Nowadays, people use fiber laser engravers to make permanent marks on metal. When you are engraving, a focused beam of light is sent through a fiber optic cable and used to mark the surface of the material. The surface absorbs the laser, melts, and discolors.
All lasers have three main components — an energy source, a laser medium, and an optical resonator. The energy source is where a laser gets its energy. Many different laser media can be used as the base of a laser. The optical resonator, or optical cavity, reflects the light, so it feeds back into the system.
Materials are exposed under laser marking machines to a low-powered beam. This doesn't affect the properties of the materials, but instead uses a process called laser coloration on the surface to create high-contrast markings.
The laser beam created with a galvano metric drive system moves in one or two dimensions. With a traditional lens, the focal point of the beam changes as the beam moves away from the optical axis. This change in focal point can result in defects in your projects.

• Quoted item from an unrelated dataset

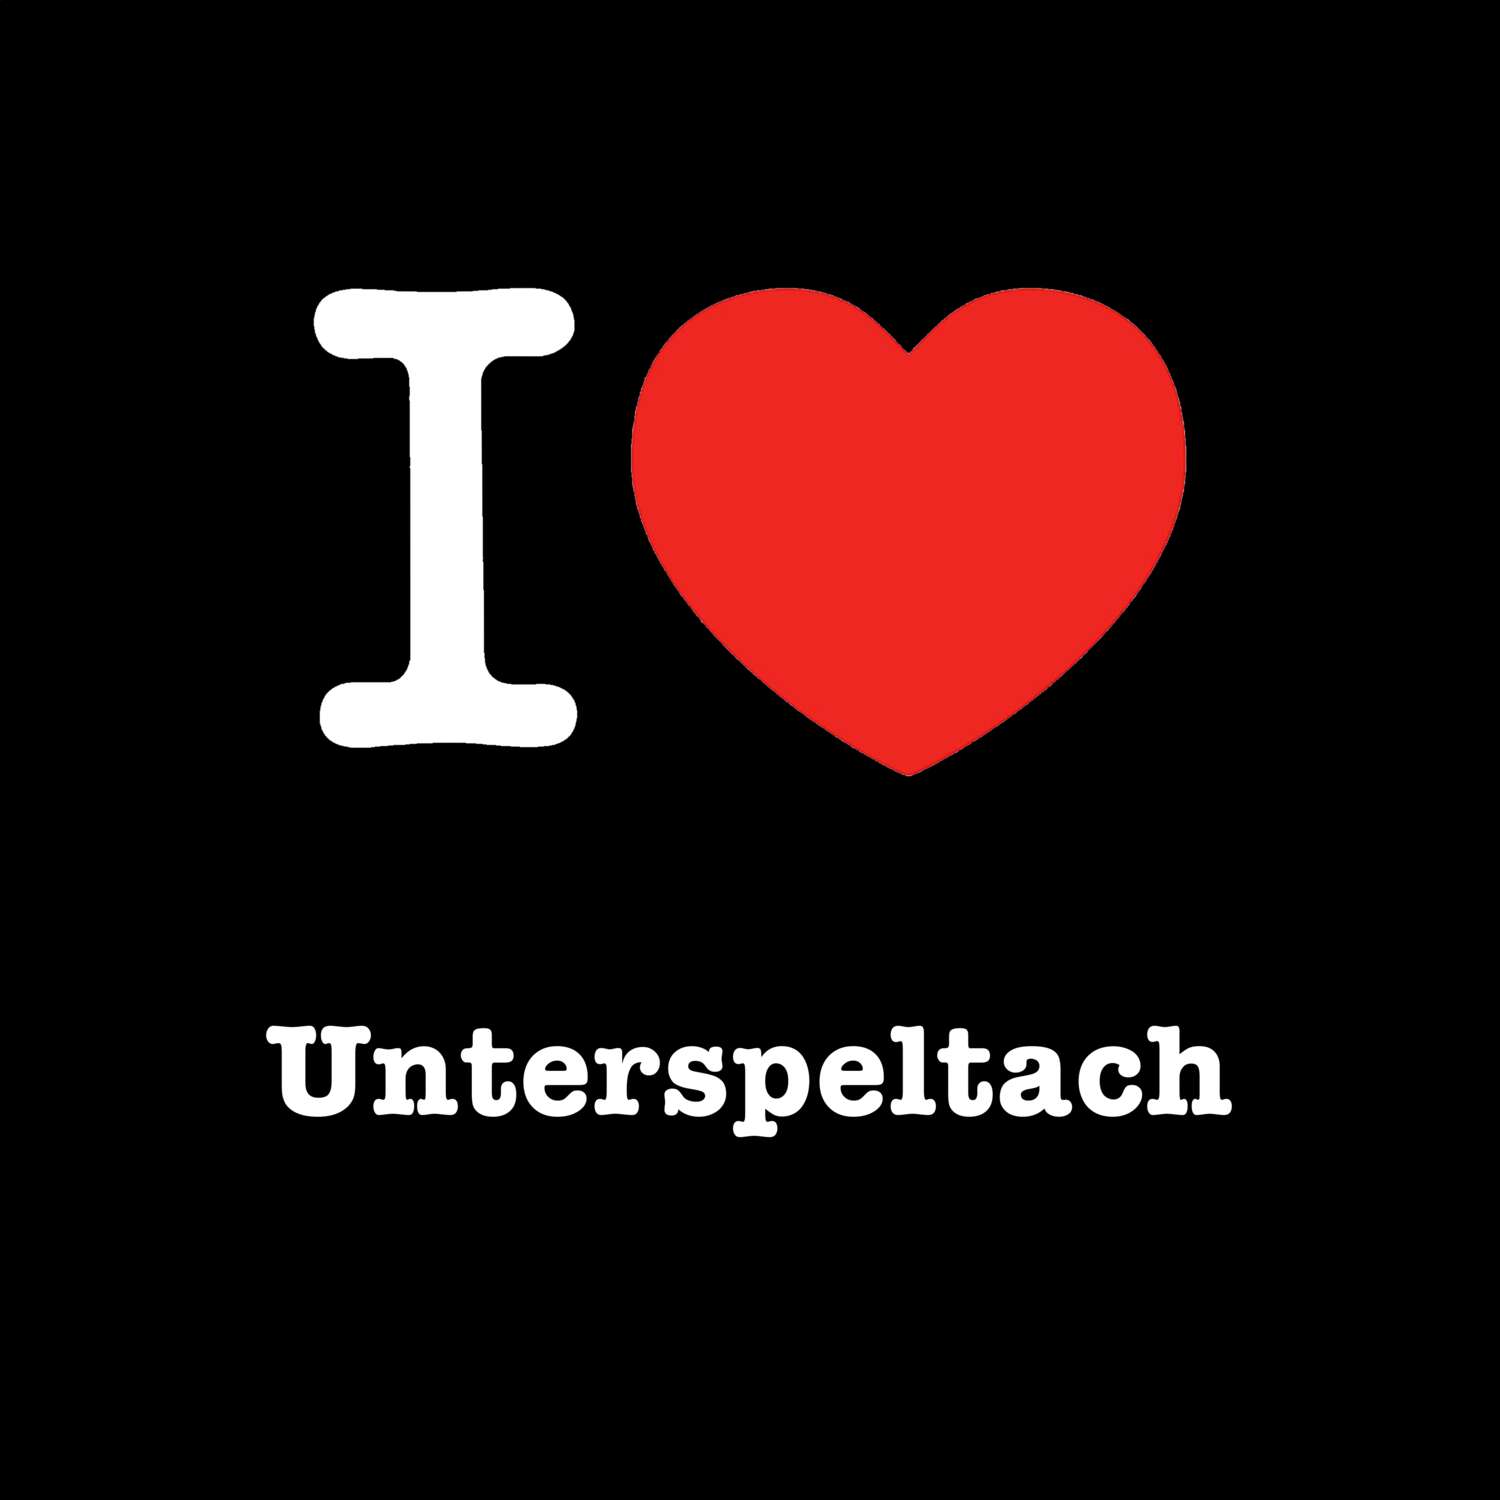 Unterspeltach T-Shirt »I love«

F-theta lenses correct this problem by focusing the laser beam onto an image plane without distortion.
theta lenses are often used in galvanometric scanning systems that are comprised of two mirrors. One mirror controls beam deflection in one direction and the other controls beam direction in the perpendicular direction. The F-theta lens then focuses the laser precisely on the planar surface.
Materials you can engrave or mark with fiber lasers include: Acrylic, Hard plastics, Brick, Granite, Marble, Tile, Aluminum, Gold, Silver, Stainless Steel, Brass, Titanium, Tungsten and so on.
Fiber lasers work well on PVC (polyvinyl chloride) materials. However, some PVC acrylics can create toxic fumes when they're lasered. PVC is a polymer that contains chloride. Heating PVC breaks it down, causing it to release hydrochloric acid, a toxic gas. If you're using a fiber laser on PVC, you'll need to make sure you're using a trustworthy fume extraction system capable of handling the toxic gas.
Another consideration when using PVC with a fiber optic laser is dechlorination, a decomposition process that occurs as PVC is heated. When the chlorine is released, it causes yellowing around the area that was marked with the fiber laser.